Overview
This project studied urban-scene semantic segmentation using Cityscapes imagery and a U-Net baseline enhanced with Convolutional Block Attention Modules. The model work was paired with an application layer that uploads an image, runs inference, renders class-selectable overlays, and produces deterministic scene-analysis output from the predicted mask so the result can be reviewed as evidence instead of only as a color overlay.
Key Features
- Trained U-Net and CBAM-enhanced U-Net segmentation workflows on OSC resources for advanced AI coursework.
- Compared local experimental results across U-Net, U-Net plus CBAM, SwinV2B, FCN, YOLOv11, MobileNet V3, and DeepLabV3.
- Reported the CBAM-enhanced U-Net as strongest in the local comparison, with 0.903 pixel accuracy, 0.686 IoU, and 0.824 FWIoU in the report table.
- Built a Flask application surface for uploading street-scene images, selecting models, and rendering semantic overlays.
- Added explainable analysis derived from the segmentation mask: class coverage, semantic groups, approximate object counts, layout priors, scene tags, warnings, and summary text.
- Published the application workflow as a Hugging Face Space for public demonstration.
Evidence
Interactive Slide Deck
Cityscape Segmentation Presentation
The report explicitly frames the results as implementation-grounded local comparisons rather than official benchmark leaderboard claims.
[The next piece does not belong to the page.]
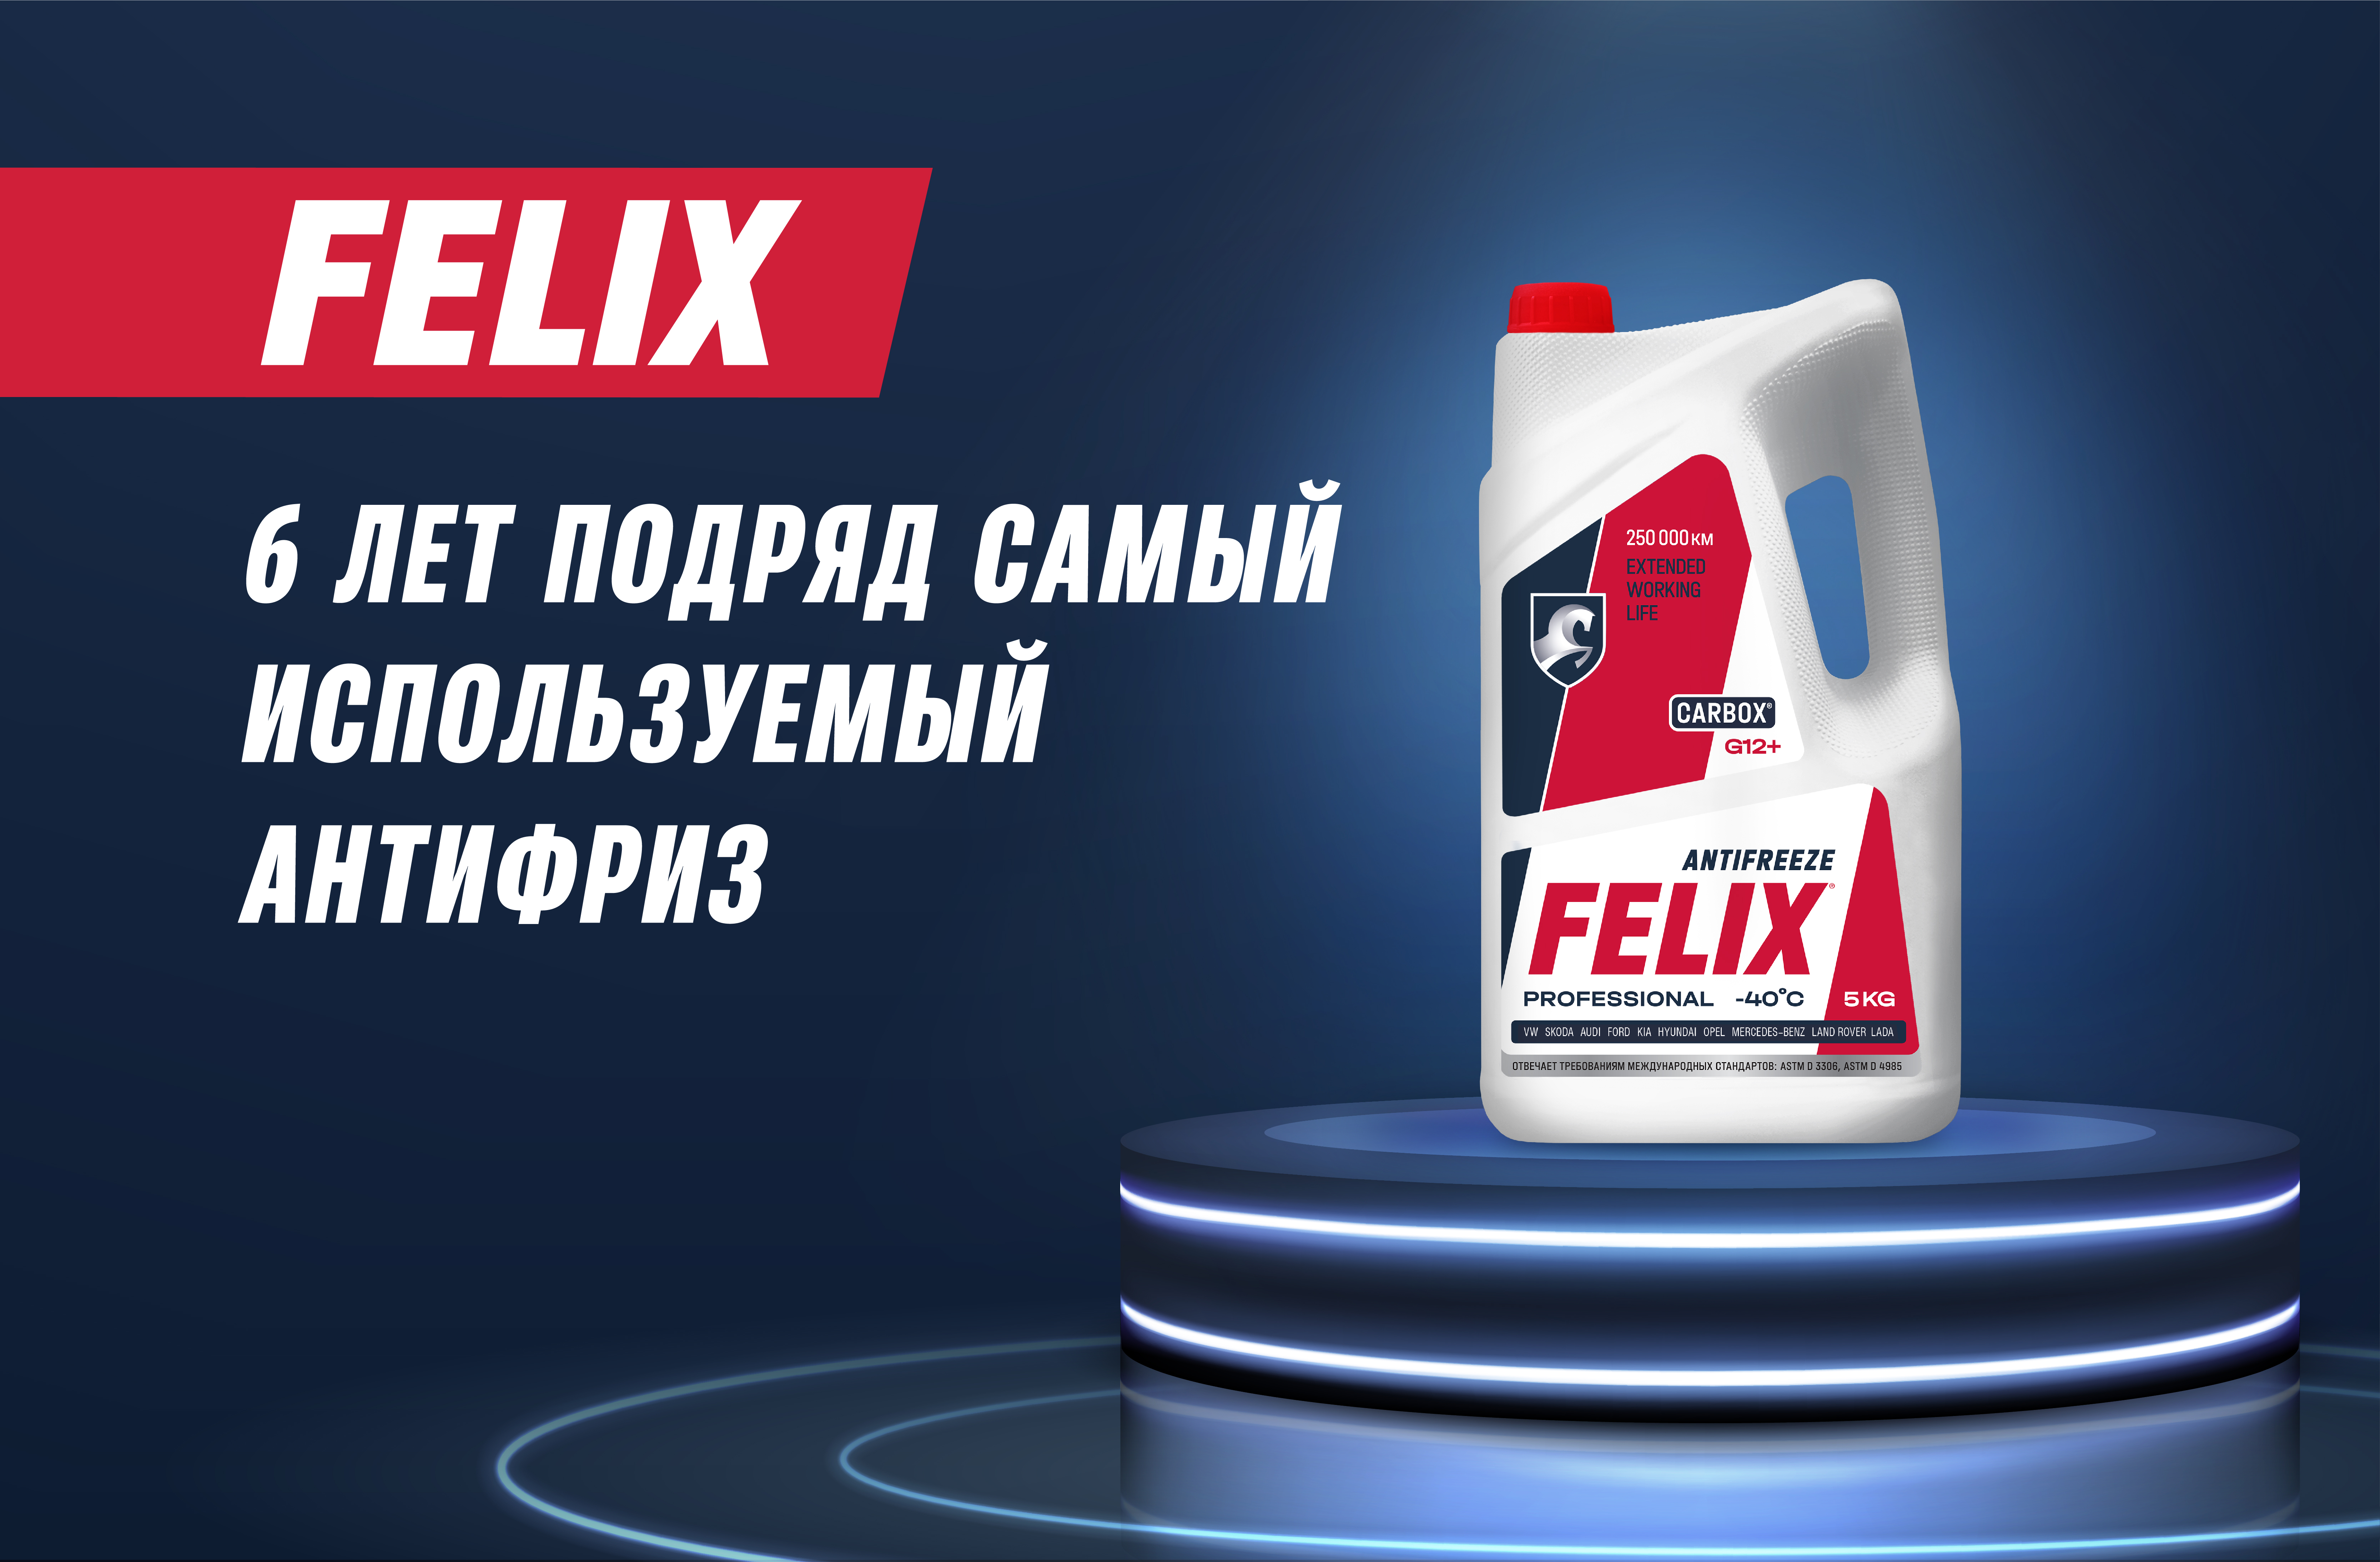 FELIX – самый используемый антифриз в России на протяжении 6 лет подряд!

The strongest defensible takeaway is that the CBAM-enhanced U-Net outperformed the compared architectures in this project setup and produced a stronger basis for the explainable scene-analysis layer.
What I Learned
This project connected model architecture, compute operations, evaluation, and deployment. The key lesson was that segmentation quality is only one part of the system: reproducible OSC training, clear metric reporting, model comparison, and explainable post-processing all matter when turning an AI model into a usable application.